Academic studies have shown that risk is more predictable than returns. Traditional ‘60/40’ portfolios, however, focus on return expectations through the allocation of notional capital rather than risk.

We have previously written about how it is possible to build portfolios using tried-andtested risk management techniques that have similar risk characteristics to traditional portfolios, but with improved returns. Termed the ‘Z-shift’ because of the figure drawn in risk-return space, the technique makes use of diversification, capital efficiency and risk management overlays.

In this article, we focus on the third part of the Z-shift: the risk management overlays.

The Z-Shift: A Recap

In the Z-shift, the route from the traditional 60/40 portfolio to what is, in our view, a more optimal portfolio, is as follows:

  • Step 1: Diversification
    Classic finance theory tells us that diversification improves expected risk-return. The first step of the Z-shift is moving from the 60/40 portfolio to the more diversified portfolio (Figure 1) with the highest Sharpe ratio among unlevered efficient frontier investments, as measured by the slope of the line connecting it to the T-bill investment. Diversifying lowers risk, but can also reduce expected returns;
  • Step 2: Capital Efficiency
    This reduction can be countered through the use of cash efficient instruments such as futures. A diversified portfolio can then be scaled up to achieve the desired return, taking us outside the efficient frontier and scaling up risk in the process;
  • Step 3: Risk Management
    But we can still do better, by dynamically risk managing the portfolio using techniques common among active managers like hedge funds, but often underutilised by others. Such techniques monitor the risk landscape in real-time, and rely upon an advanced execution platform to adapt positions in a timely manner should risks change.
Figure 1. Three Stages of the Z-Shift

Source: Man Group. For illustrative purposes only.

Three categories of risk mitigating techniques can be employed: volatility targeting, momentum overlays and bond / equity correlation trigger.

Active Risk Management in Practice

Three categories of risk mitigating techniques can be employed:

  • Volatility targeting: counters persistent fluctuations in volatility by dynamically scaling up the portfolio at times of low volatility, and scaling down at times of high volatility;
  • Momentum overlays: these reduce the exposure to assets that are in a downward trend, i.e., ‘don’t fight the bear market’;
  • Bond / equity correlation trigger: degears the portfolio when the risk of a bonddriven selloff increases, as indicated by bond price declines plus increasing (intraday) bond-equity correlations.

Together, these three techniques aim to reduce the risk while preserving the expected return, as illustrated in Figure 1.

Volatility Targeting

Figure 2 is a chart reproduced from Harvey et. al. (2018), who wrote about the advantages of risk targeting.
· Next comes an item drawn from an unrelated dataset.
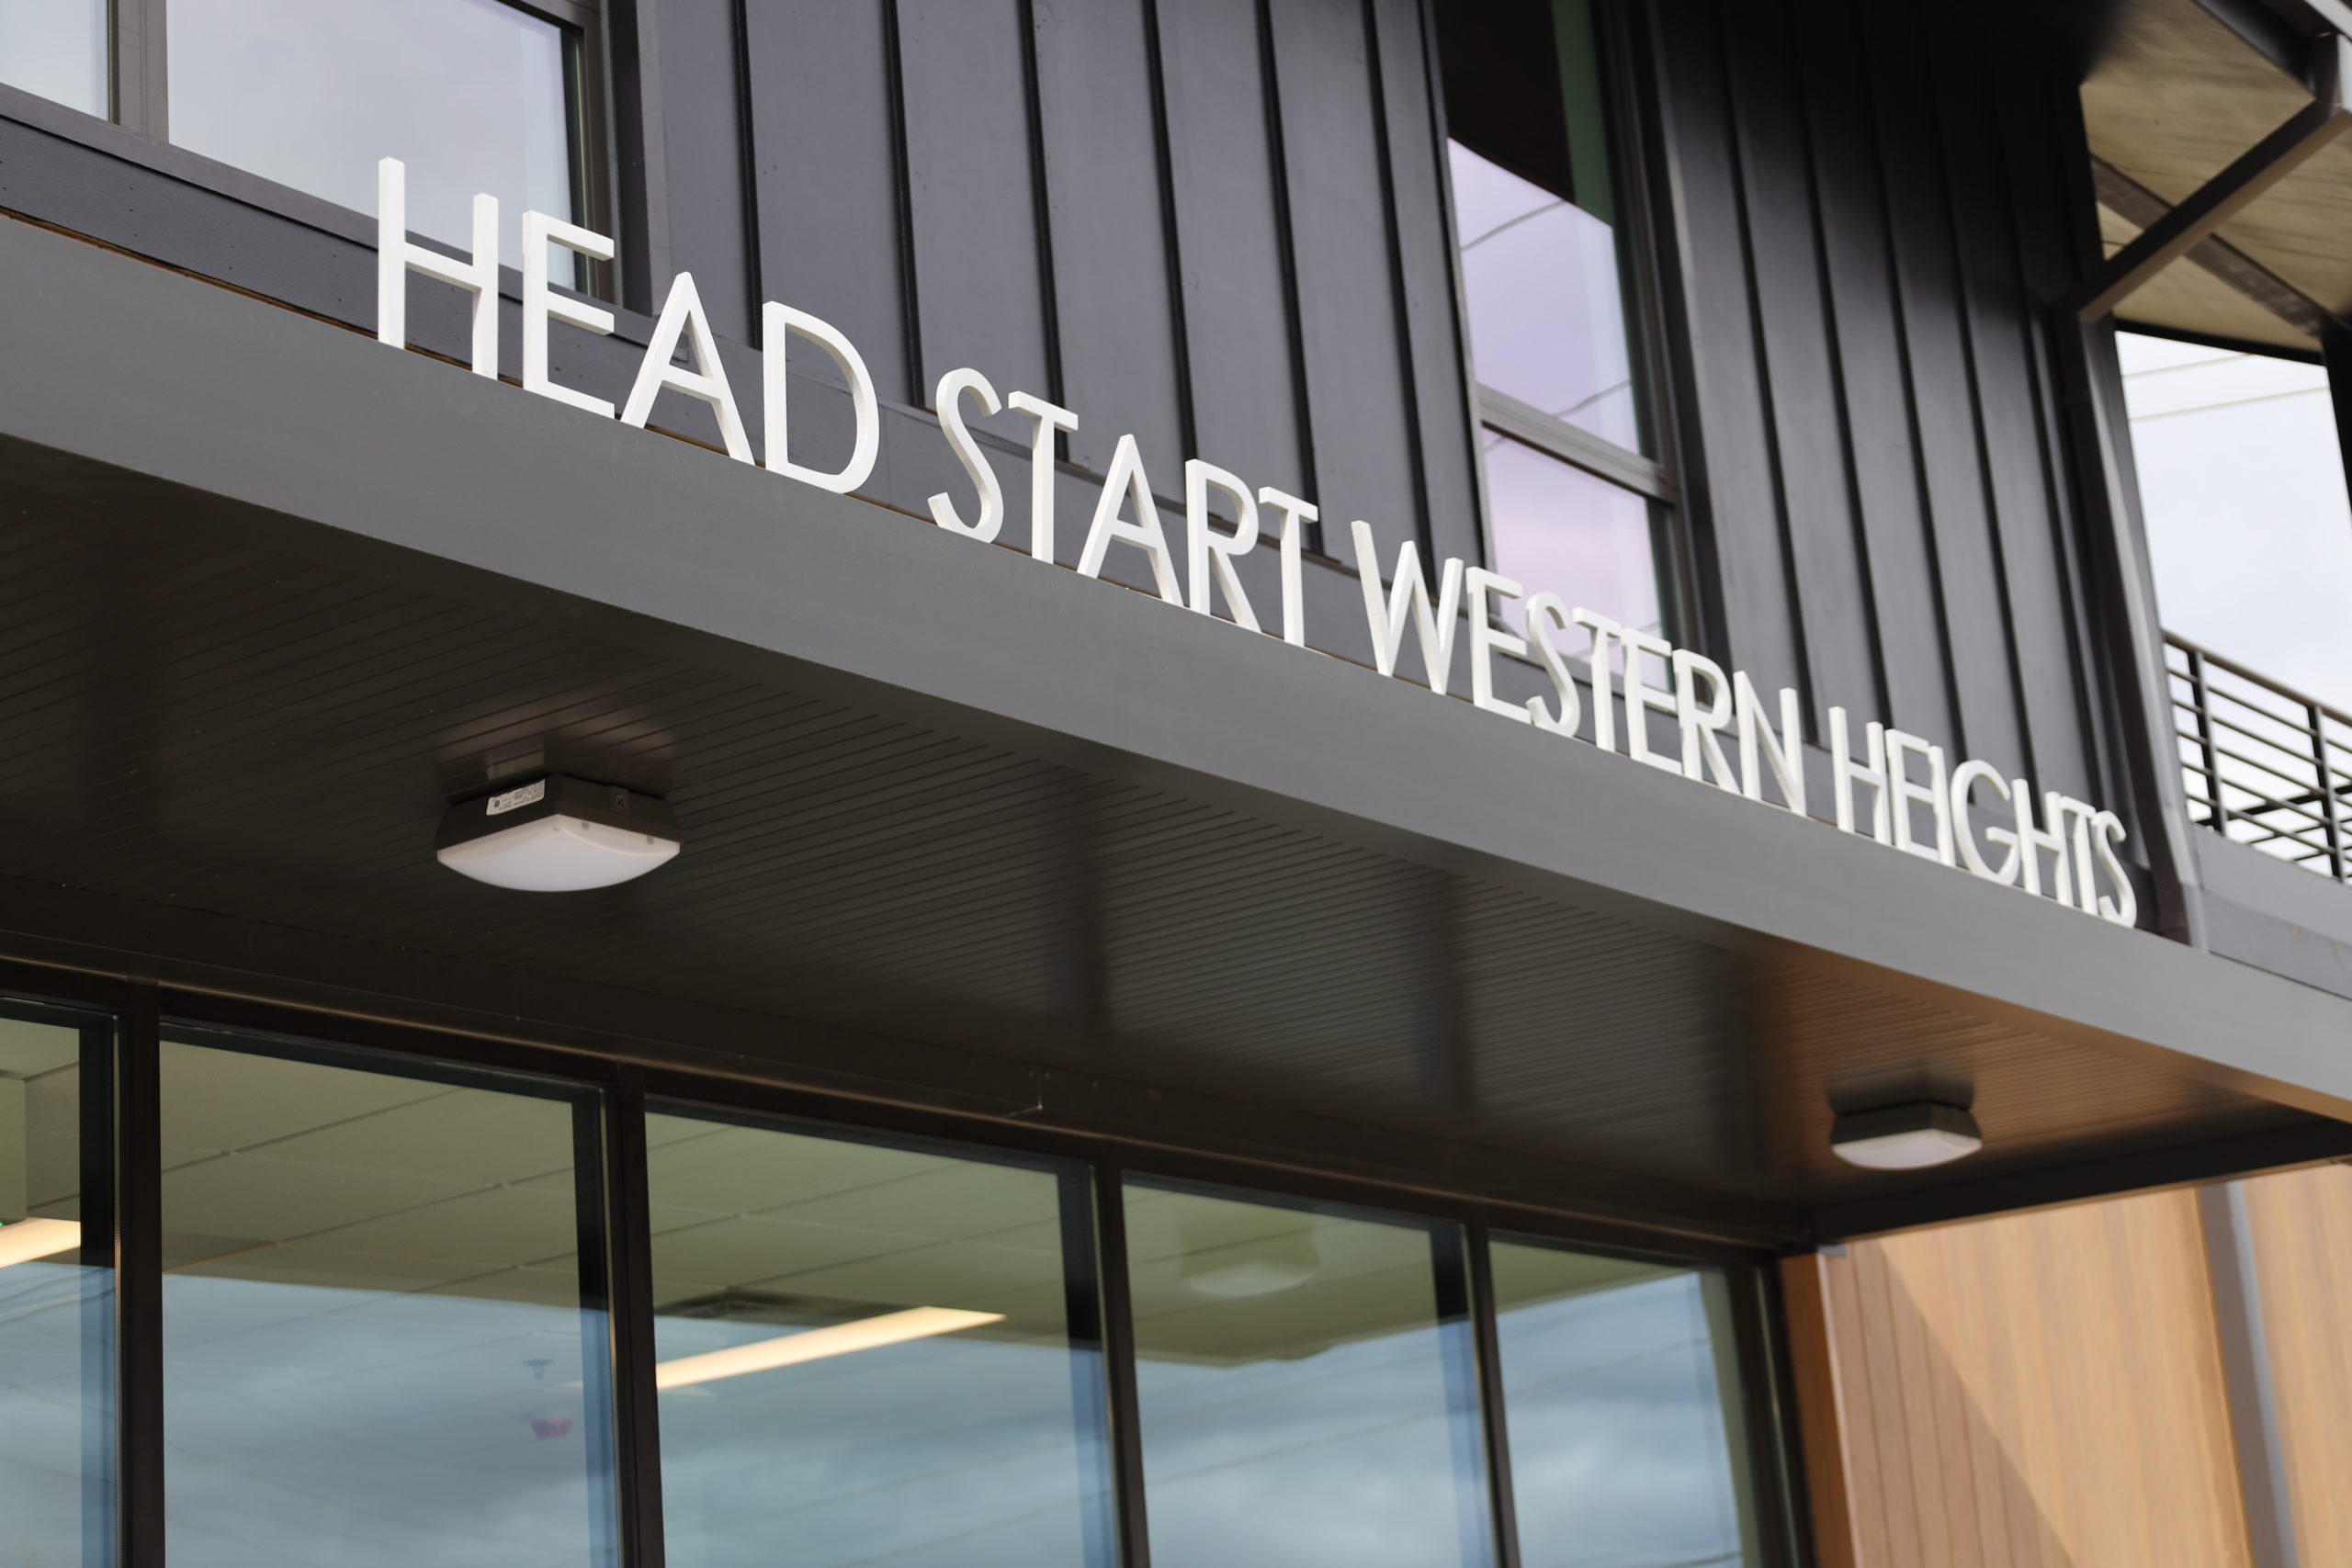 Featured image for “KCDC, CAC officially open Head Start facility at Western Heights”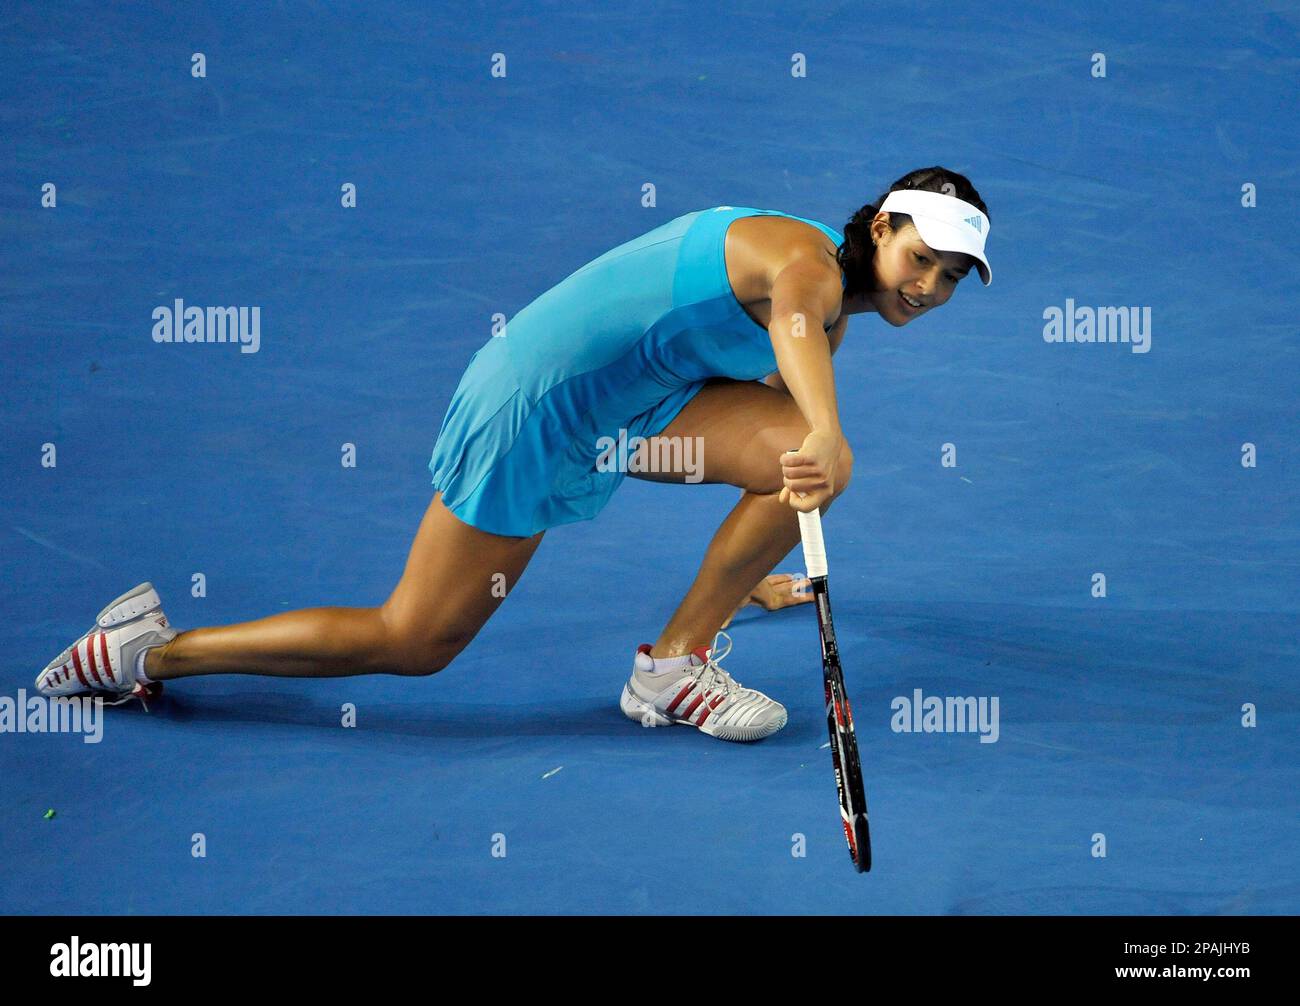 Serbia's Ana Ivanovic gets back on to her feet as she plays Katarina Srebotnik of Slovenia in a Women's singles third round match at the Australian Open tennis championships in Melbourne, Australia, Saturday, Jan. 19, 2008.(AP Photo/Andrew Brownbill) Stock Photo

Figure 2a shows that volatility is persistent or ‘clusters’ i.e., high volatility in one month tends to be followed by high volatility in the next month. This observation also underpins Engle’s Nobel-prize winning work on ARCH models.

Figure 2b shows that returns, on average, are not clearly higher following a high volatility month. So the risk-return tradeoff is predictably worse following a highvolatility month. Harvey et. al. (2018) show that this is a feature that holds for risk assets such as equities and credit and link it to the so-called leverage effect.

Figure 2a. Volatility for Quintiles Based on the Previous Month’s Volatility (US Equities, 1926-2017)

Source: Harvey et al. (2018).

Figure 2b. Return for Quintiles Based on the Previous Month’s Volatility (US Equities, 1926-2017)

Source: Harvey et al. (2018).

Volatility targeting consistently reduces the likelihood of extreme returns, across all asset classes.

This variation in the risk-return tradeoff can be exploited by scaling up the portfolio at times of low volatility, and scaling down at times of high volatility. Effectively, the portfolio is targeting a constant level of volatility, rather than a constant level of notional exposure.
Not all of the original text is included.